I remember an article years back in one of the reloading mag's about a Marlin Lever Action in .444 marlin being an ideal survival gun. The author loaded birdshot, reduced powder loads, buckshot loads and of course the stop anything in it's tracks loads.


----------



## cast&blast (Sep 14, 2009)

Bolt action Marlin .22 WMR. Enough to bring a deer down but not too much for a squirrel.

Outdoor Hub mobile, the outdoor information engine


----------



## PaleRider (Oct 24, 2007)

Luv2hunteup said:


> I'll bet the OP has quit looking for answers, the thread is about 3 years old.


LOL and here I thought this discussion was over with. This has got to be one of the longest running thread I have ever seen.

I do like the Ruger 10/22 but I gave mine to my son.

Flare gun not a bad idea. 

In the last three years my life has changed I now roam the Rocky Mountains so I carry a fly rod, but could use something to keep the Griz at bay what do you think a Rem 870 with slugs (2) and buckshot (3).
The thought being after the first two rounds he will be up close and personal.


----------



## shoelessjoe (Dec 13, 2012)

I happen to have a single shot bolt action .22 that will knock the nutz of a gnat at 40 yards. I wouldn't leave camp w/o it.:coolgleam


----------



## HarleyDHawger (Nov 30, 2005)

PaleRider said:


> Your headed out into the wild, no large predators in the area.
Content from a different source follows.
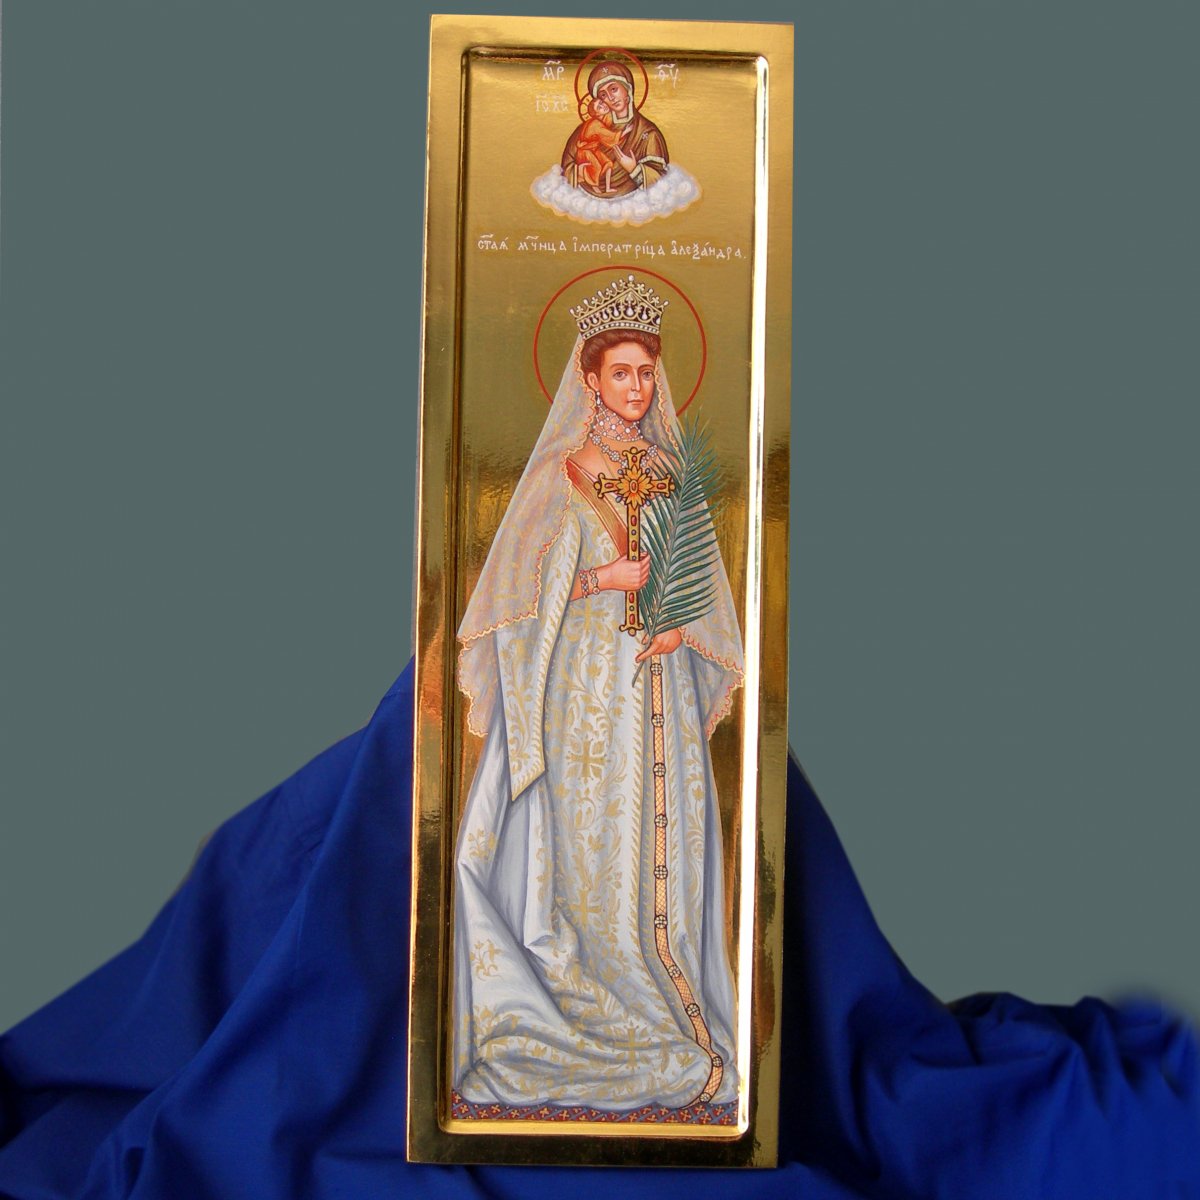 Образ святой мученицы императрицы Александры Федоровны 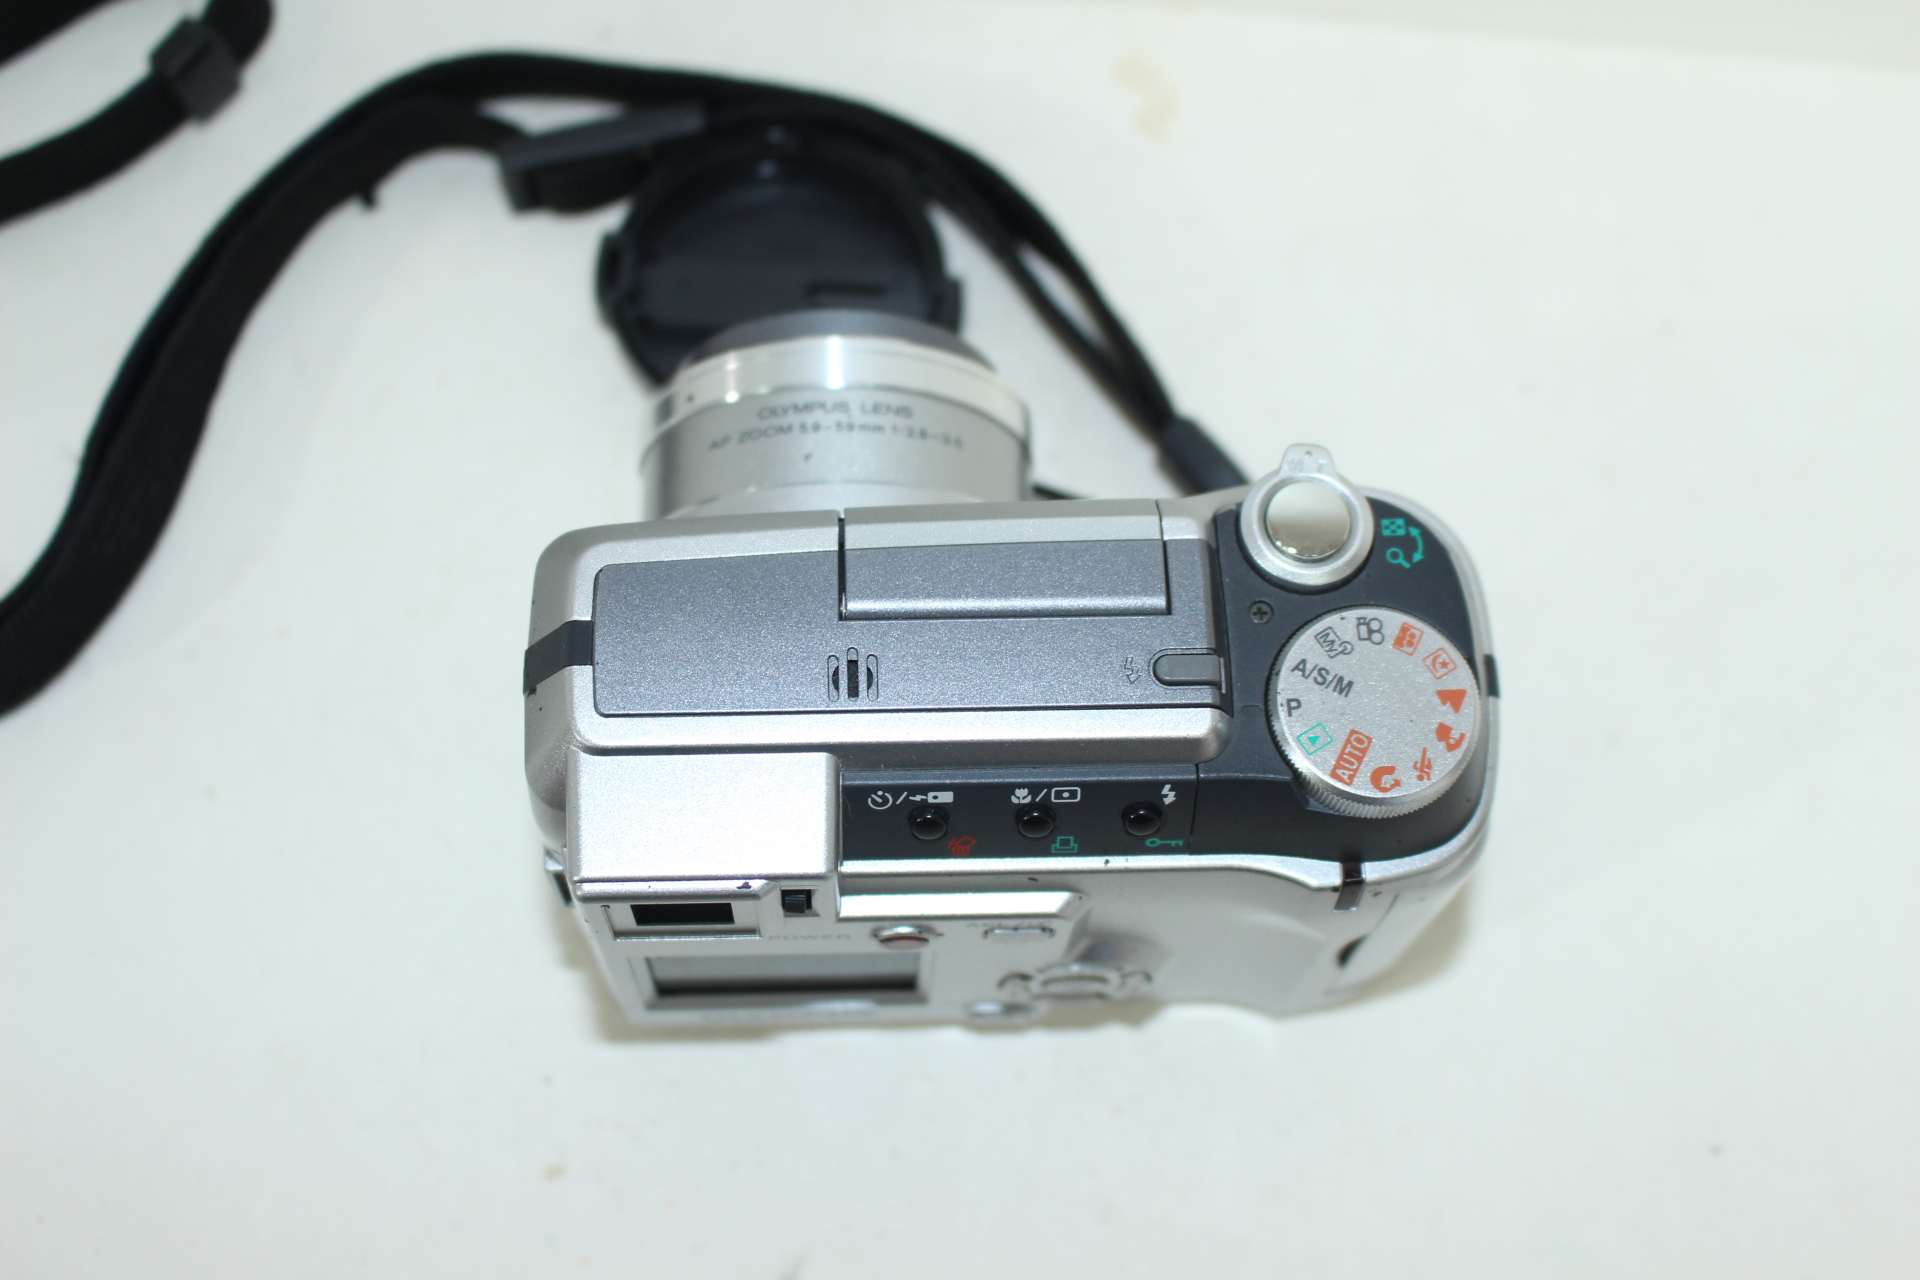 올림푸스 디지털 카메라

Whats your choice for putting game on the fire?
> 
> I prefer my old Marlin single shot 22 Lr, It puts down everything I shot at within 75 yards. Grouse, rabbits squirrels are easily take with head shots. Ammo is cheap and easy to carry. I even shot an old military steel pot helmet and the round went threw both sides. So with a well placed shot behind the ear of a deer will bring it down for you if you need to. Hell it might even penetrate you typical liberals skull if you had to.:SHOCKED:


----------



## michiganbuck (Mar 11, 2010)

For a day trip, lost in the woods or for when the s hits the fan needs might differ.
For wilderness survival a 22mag offers carrying and storing a ton of shells in a small place and will kill a squirrel or a deer. A mag/shotgun will get more game.
For reliability away from cleaning kits and oil the bolt action will be shooting long after an auto load will fail.
For stealth one might carry a good bolt action 22lr single or multi shot, that is so shorts can be used in near silence.
For real stealth a box of snare wires and a hole to hide in might be best.


----------



## brooktroutballer (Jan 11, 2013)

I got my mits on a 10/22 takedown at gander mountain in saginaw this winter. That's hard to beat imo for a survival gun. Doesn't fit in its case though with a scope on it.


----------



## itchn2fish (Dec 15, 2005)

If I were in a survival situation with no weapon, I would choose to make a self bow and arrows.


----------